Everyone hates spam - its many causes and challenges make filtering practically impossible - or is it? I believe that good spam filtering can be achieved - and that with the right tools you will "see" a small percentage of the spam that is actually sent to you. Let's take a look at how I set up my spam filters.
Spam filtering can happen at 3 levels on a typical mail server. The first level is the mail server itself. By detecting that mail is coming from an illegitimate source the mail server can reject the mail. It does this by using something called a "blacklist" which lists the ip addresses of known spammers. This used to be very effective because spammers used servers - usually outside the country - that were at fixed known addresses to spread their evil throughout the land. Now though spammers have given up on this - instead they rely on end users to distribute their mail for them - using a botnet. A botnet is a network of computers that have been "coopted" or taken over by malware, worms or other methods. These botnets mean that the spam you receive might come from any of millions of computers spread across the internet. No listing of known spam sources would be a particular help, because as an ip appears on the listing the botnet just moves the spamsource to another ip address in the network.
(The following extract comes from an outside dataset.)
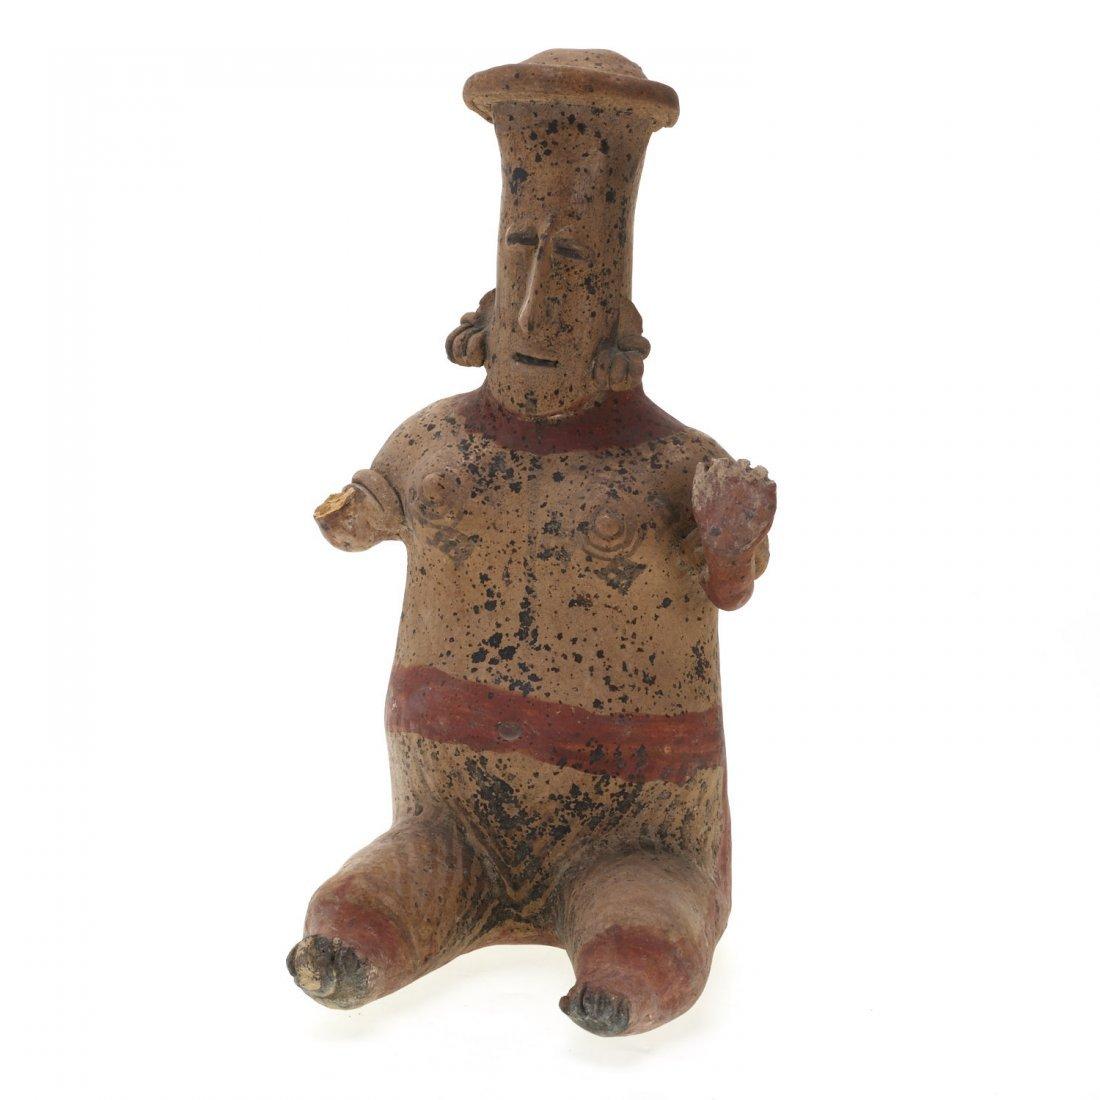 Nayarit style terra-cotta seated female figure

So the next level of spam filtering that happens on the server kicks in - statistical content filtering. At this leve the content of the message itself is examined to see if it resembles other spam. This worked ok - back when spam email was mostly text. The problem is that it becomes difficult to see what is stuff that you might WANT to see vs stuff you don't want to see. And spammers started salting their emails with a preponderance of random words to fool the filters into thinking the content was legitimate, including pasting sections of books into the content part of their messages. At the server level statistical spam filtering is doomed to only catch a small percentage of the spam. The reason for this is that if we server hosting companies set the statistical filter too tightly it starts to filter messages that our users think are really legitimate. This can cause all sorts of trouble - users are much more upset about finding that a legit message has been filtered than that some spam has been let through.
The next level of filtering - offered by some ISP's including OS-Cubed, offers the ability to create rules at the server that either discard or remove spam prior to it reaching your mailbox at work. This usually occurs by taking the spam that the server has already labelled and discarding it or tossing it in a junk mail filter.
But despite all this - over 500 of the 650 messages that came to me this weekend were headed for my inbox - so how did I cut that down to only 30? I use Outlook 2003 - with the spam filter turned on. Outlook versions older than 2003 (and all outlook express versions) have very poor and rudimentary spam filters. Outlook 2003 on the other hand has an excellent spam filter that you can teach what is and is not good mail. And it's filters are updated every month at the same time as the Microsoft Windows Updates occur (if you're signed up to update office as well as windows).
So 533 of the 550 messages that actually hit my mailbox ended up in my junk mail folder in outlook. And I had zero false positives - they were all really junk mail.
So my recommendations are:
- Find an isp that at least does rudimentary labelling of spam
- Set some filters on the server end to reduce the amount of spam if possible - but set them loosely
- Either use an email client like Outlook 2003 or some other client that has excellent filtering which is updated frequently, or get a product such as mailwasher to filter your mail.
Good luck and have a happy Turkey Day!